Four black Viet Nam veterans reunite in Ho Chi Minh City in the present day: Melvin (Isiah Whitlock Jr.), Eddie (Norm Lewis), Otis (Clarke Peters) and Paul (Delroy Lindo). They’ve come here to re-enter the jungle fifty years later and, assisted by current satellite / gps technology, recover the body of Da 5th Blood, their former squad leader, Sgt. Norman Holloway (Chadwick Boseman), for whom they’ve arranged a funeral with honors at Arlington National Cemetery. But this particular unit also left behind a large steel cargo-case full of U.S. gold bars, salvaged from a C47 plane wreck the squad found in 1971, and that same satellite / gps technology reveals the likelihood that it’s accessible again after being irretrievably buried.

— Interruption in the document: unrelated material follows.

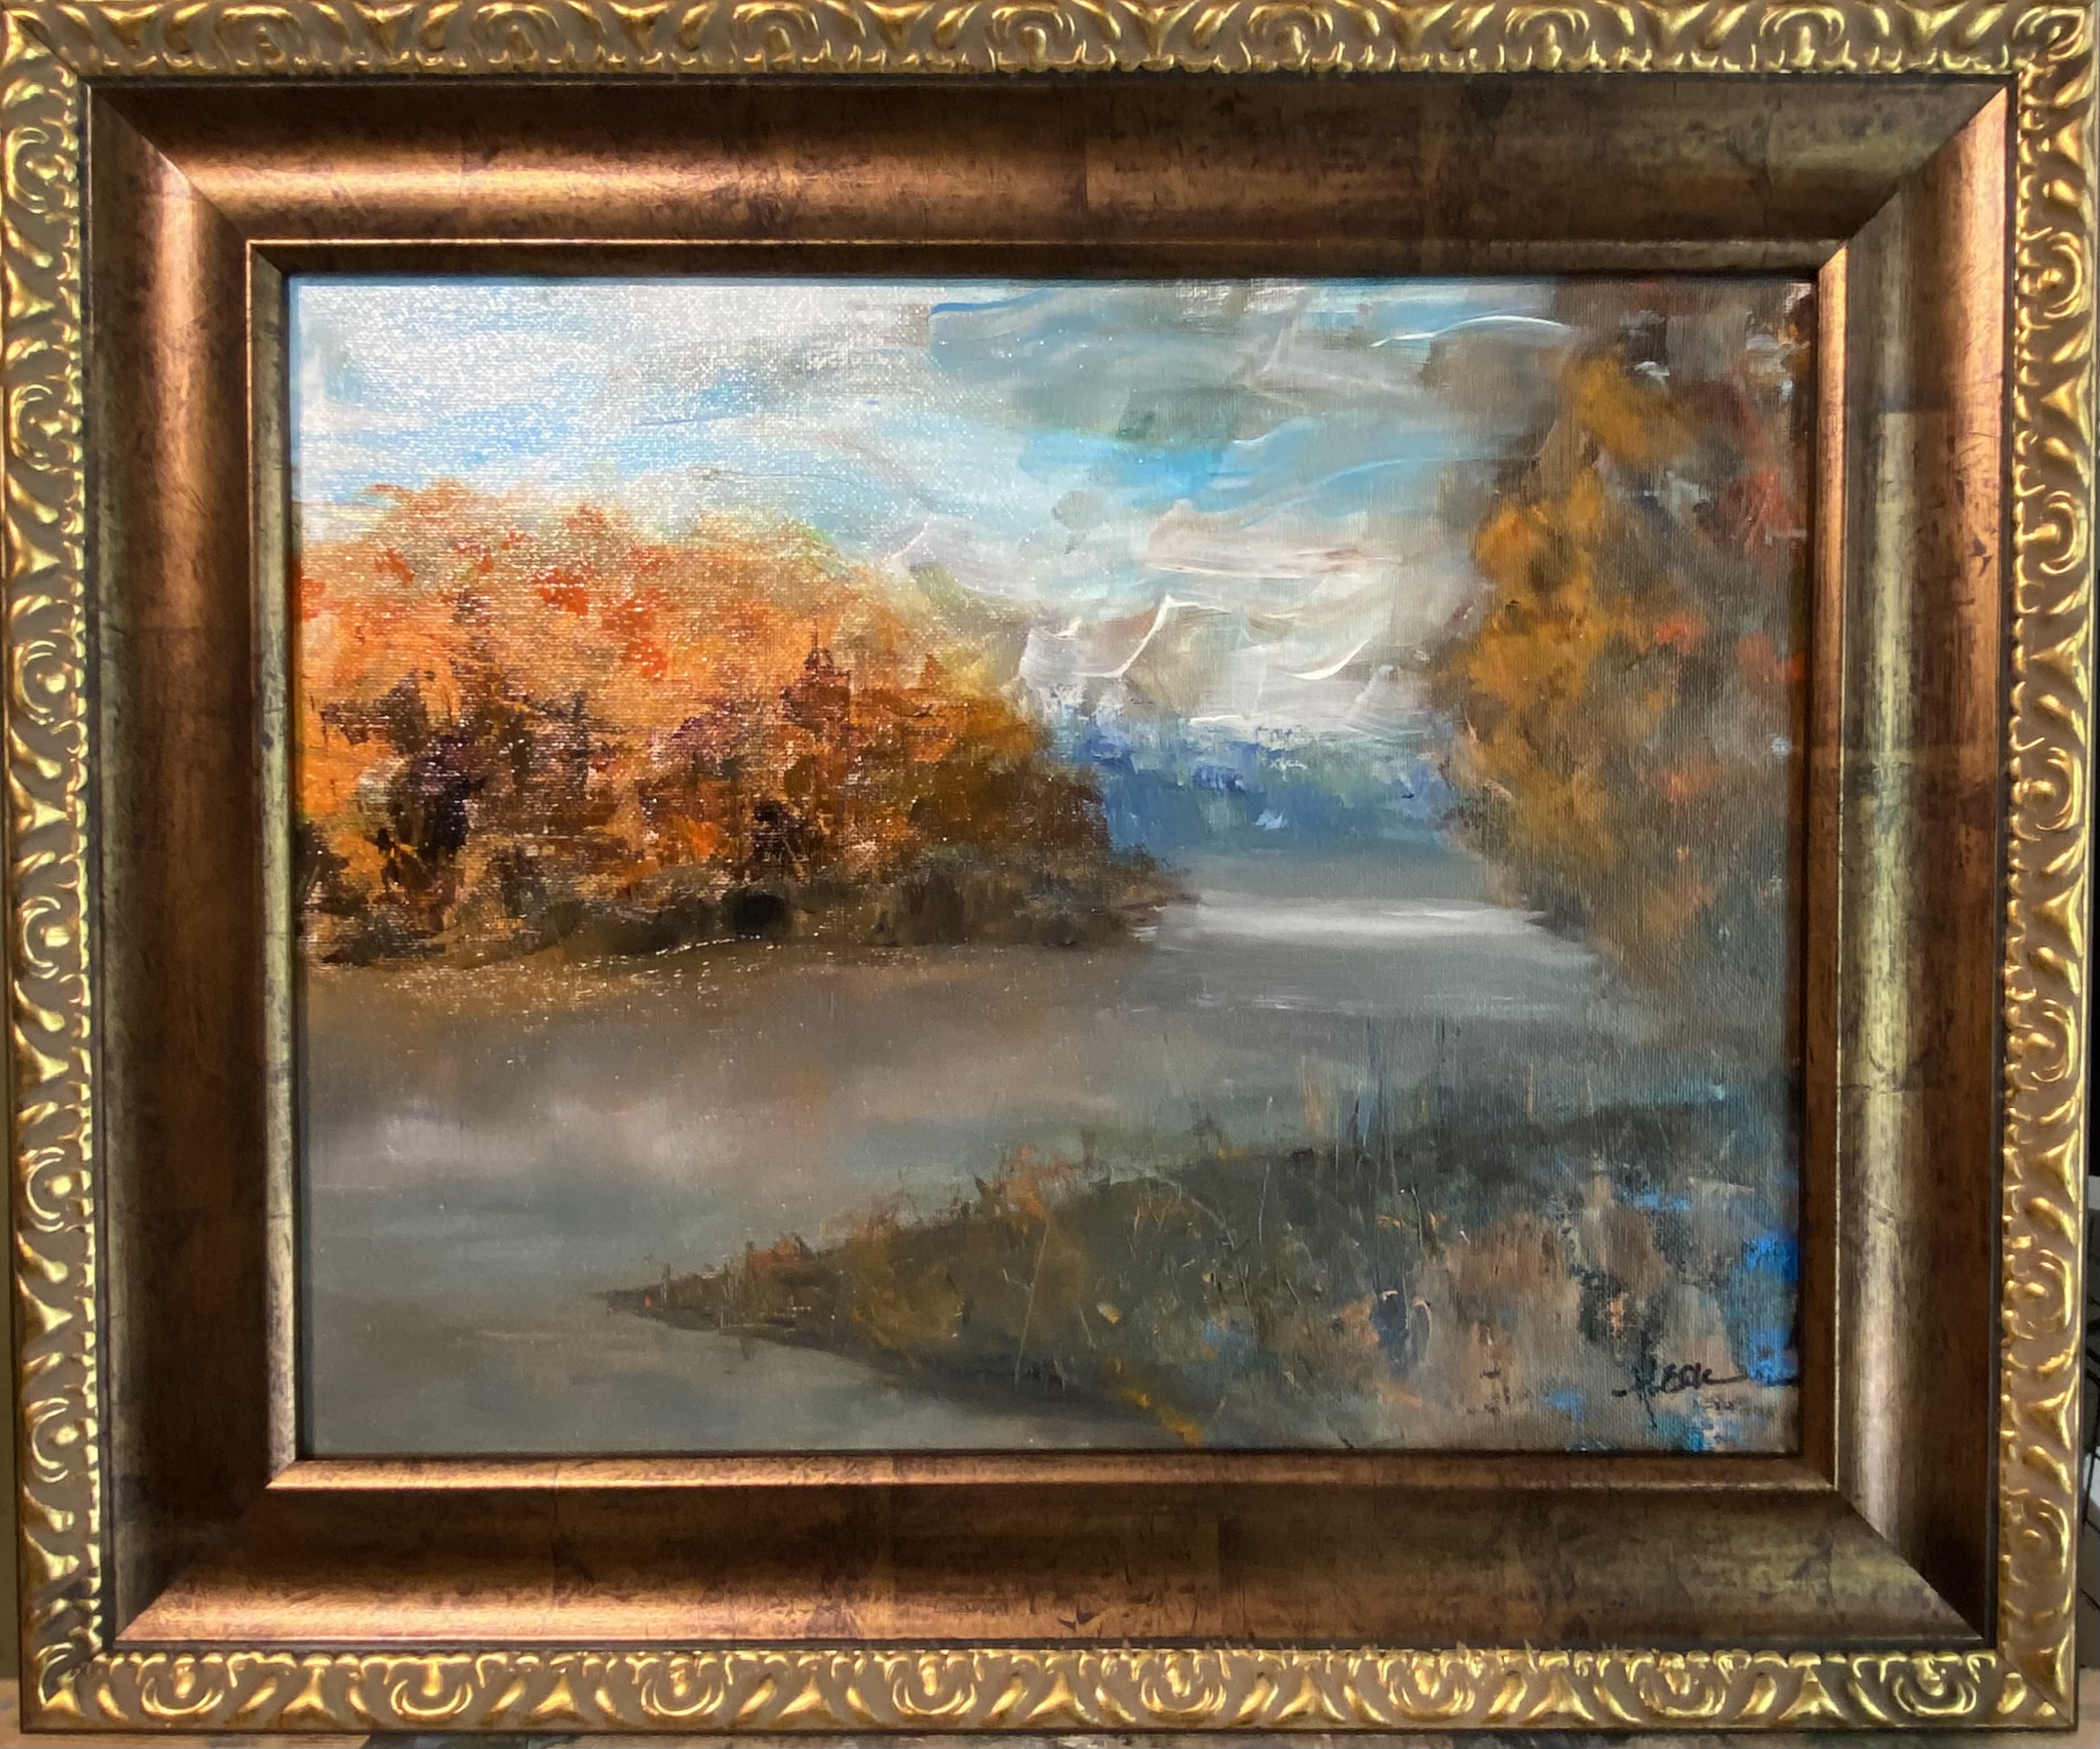 279 - Fall Color - 11x14 - Landscape - $175

Otis has made arrangements with a trustworthy former lover from that time, Tiên (Lê Y Lan), to find a broker who can handle the gold transaction. Her associate, Desroche (Jean Reno), agrees to convert the gold and make monetary deposits in Macao, where the bloods can then withdraw the money from anywhere, but he takes a sizeable cut. Otis saves the agreement for themselves and Desroche from a derisive and distrustful Paul, who carries hard resentments about black exploitation in general, and his own contentious life in particular. Paul is further incensed when his son, David (Jonathan Majors) arrives at their hotel unannounced. He’s concerned about his addled ex-con, PTSD-riddled father, but he’s also looking for his own part of the gold as well.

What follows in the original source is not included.